Faster than polynomials, Slower than exponentials
August 23, 2008 2:47 PM   Subscribe

Does there exist a real-valued function f: R -> R such that
i) the limit (as x goes to infinity) of f(x) / a^x = 0 for all a > 1, and
ii) the limit (as x goes to infinity) of x^n / f(x) = 0 for all positive integers n.

In down to earth terms, "f(x) grows slower than any exponential, and faster than any polynomial."

This came up in a discussion about algorithms. "There are polynomial time algorithms, and exponential time algorithms. Well, is there anything in between?"

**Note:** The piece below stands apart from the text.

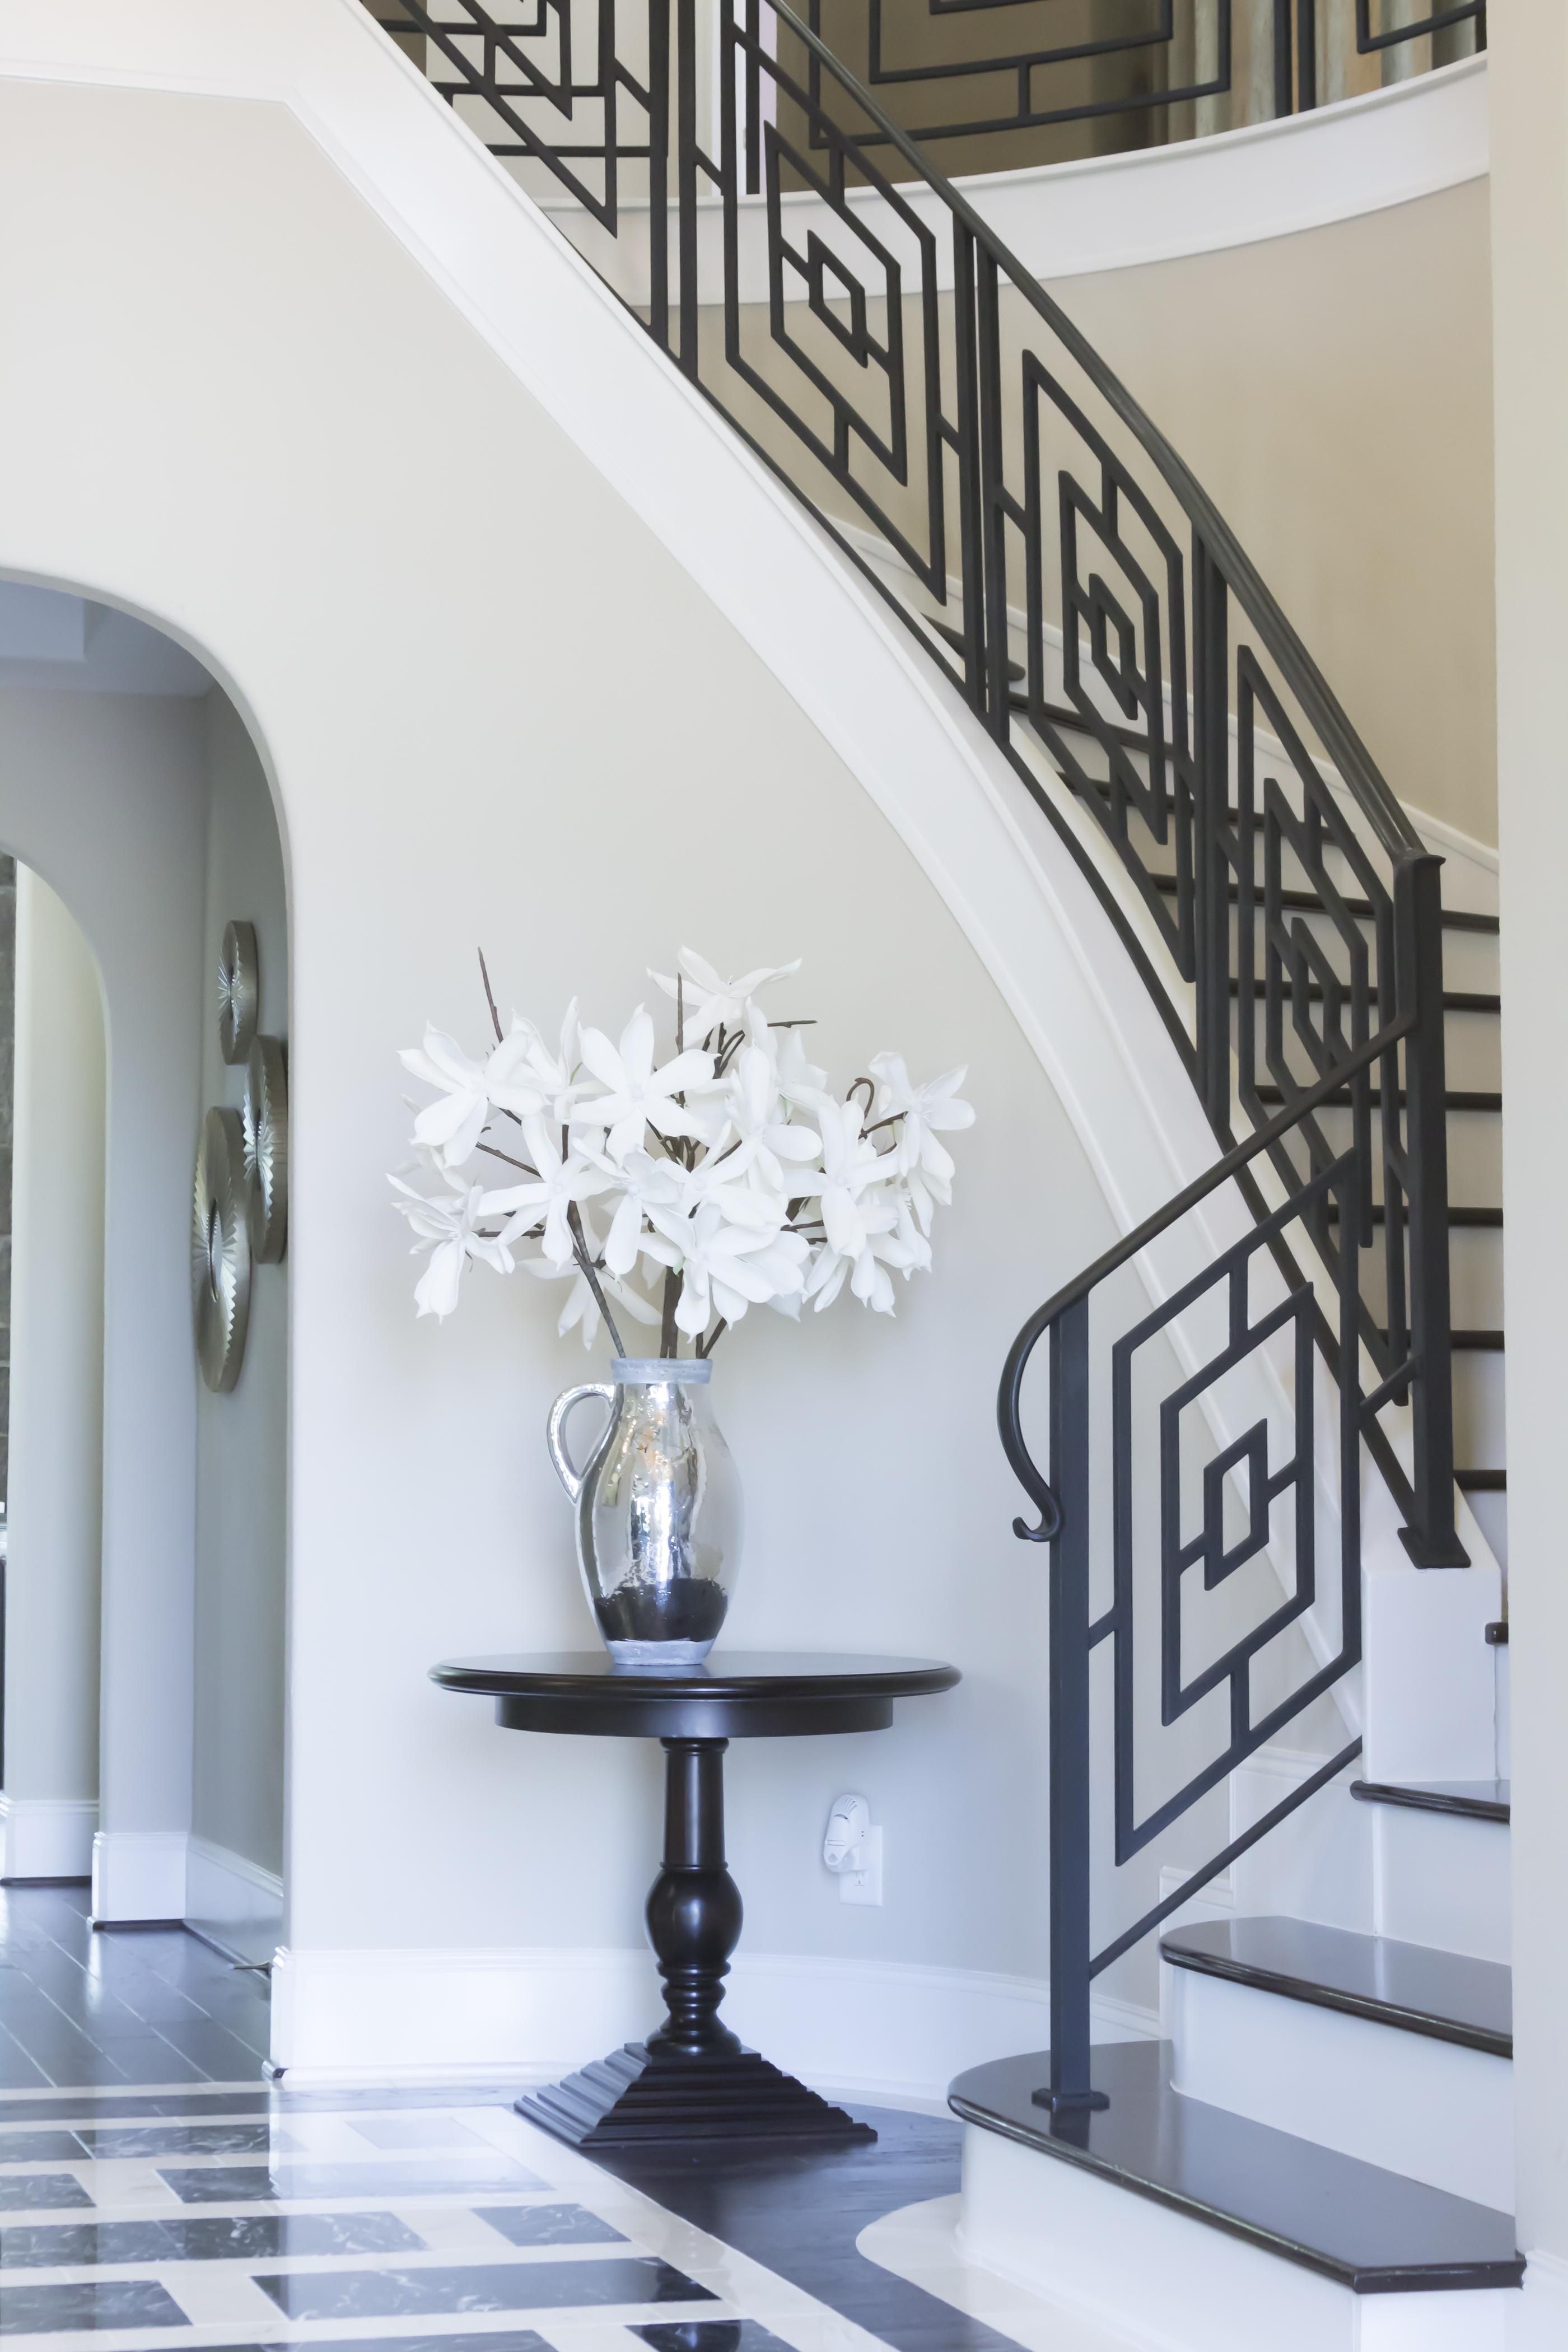 Custom Iron Staircase & Railing Idea Gallery
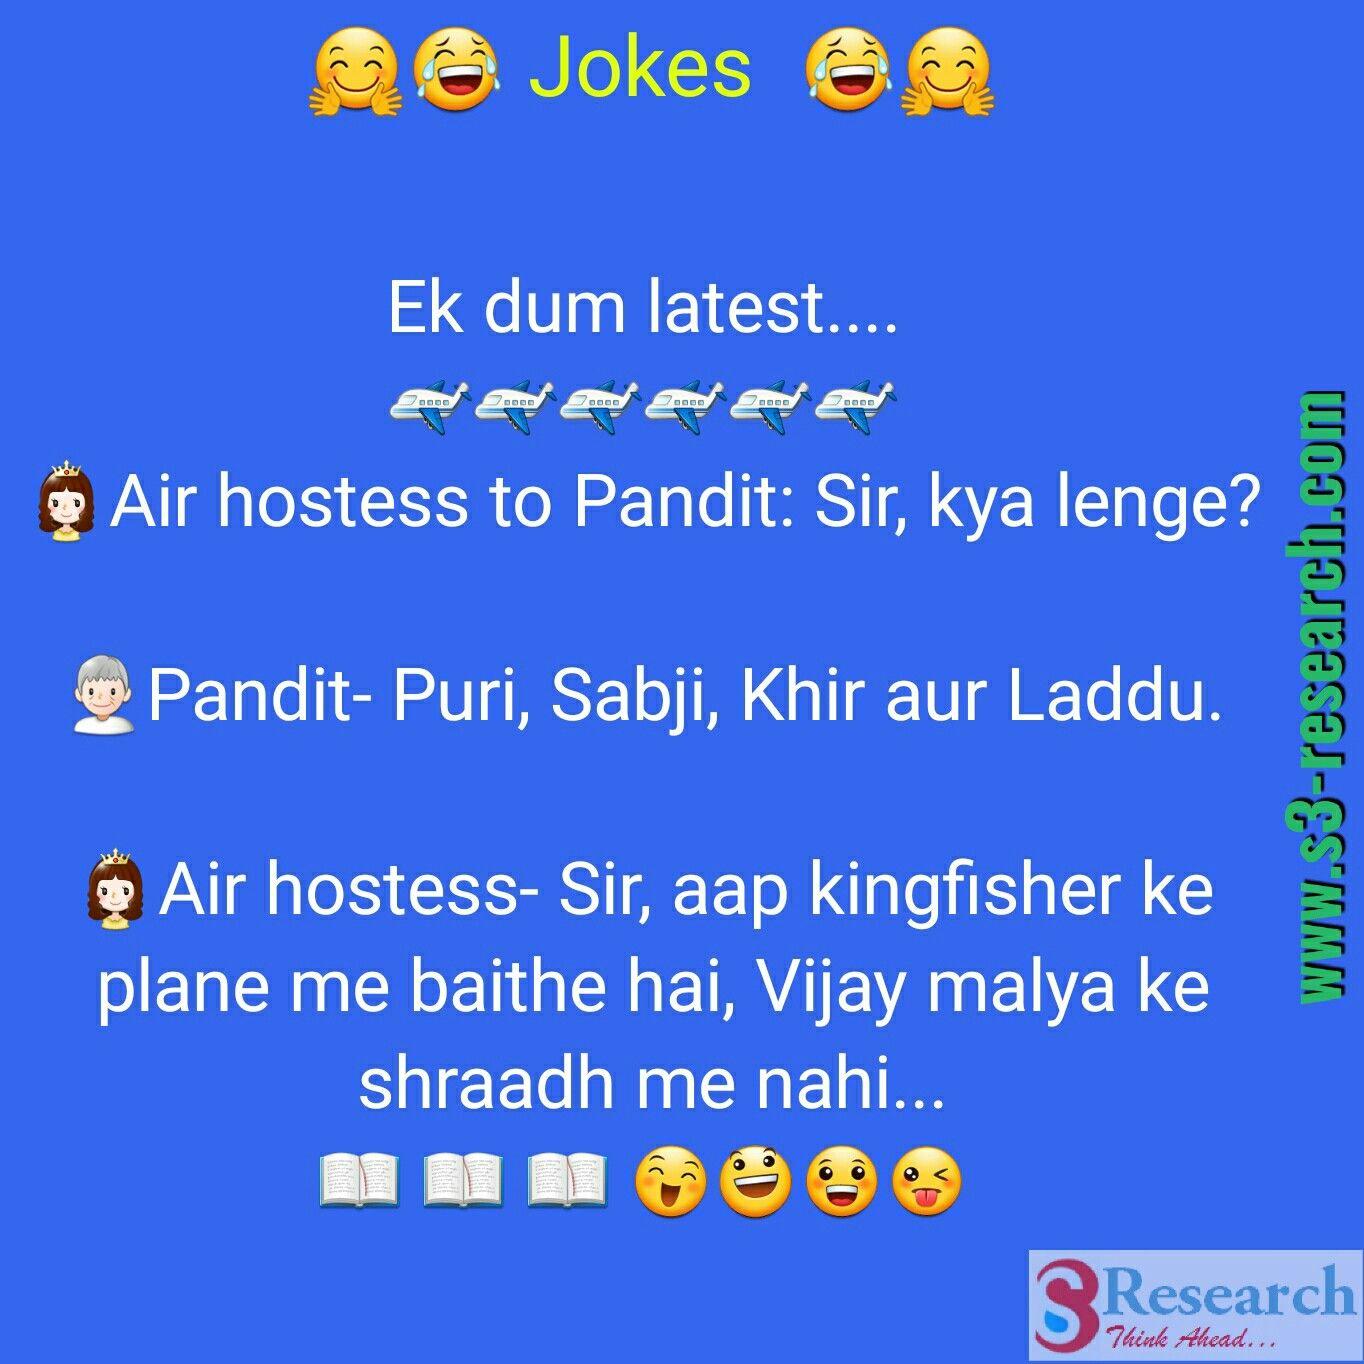 Idea by Sadhna Goel on Riddles & jokes Relatable post

Maybe this is too technical a question for AskMe, but I'm sure the answer is known to some computer programmers, and I respect your guys knowledge on computer stuff.

Things I've tried so far:
Rephrasing the question as a statement about exponentially decaying functions, or about functions blowing up at the origin.
Taking the log of both sides.
Considering trig functions like sec(x), which has a pole at pi/2, combined with the homeomorphism between (-pi/2, pi/2) and the real line via the function arctan(x). This didn't seem to work, but I'm not entirely sure.
Randomly flipping through functional analysis textbooks for statements about the topology of the space of integrable functions. I think the function in question would have to be n-Schwartz for every n, or something like that.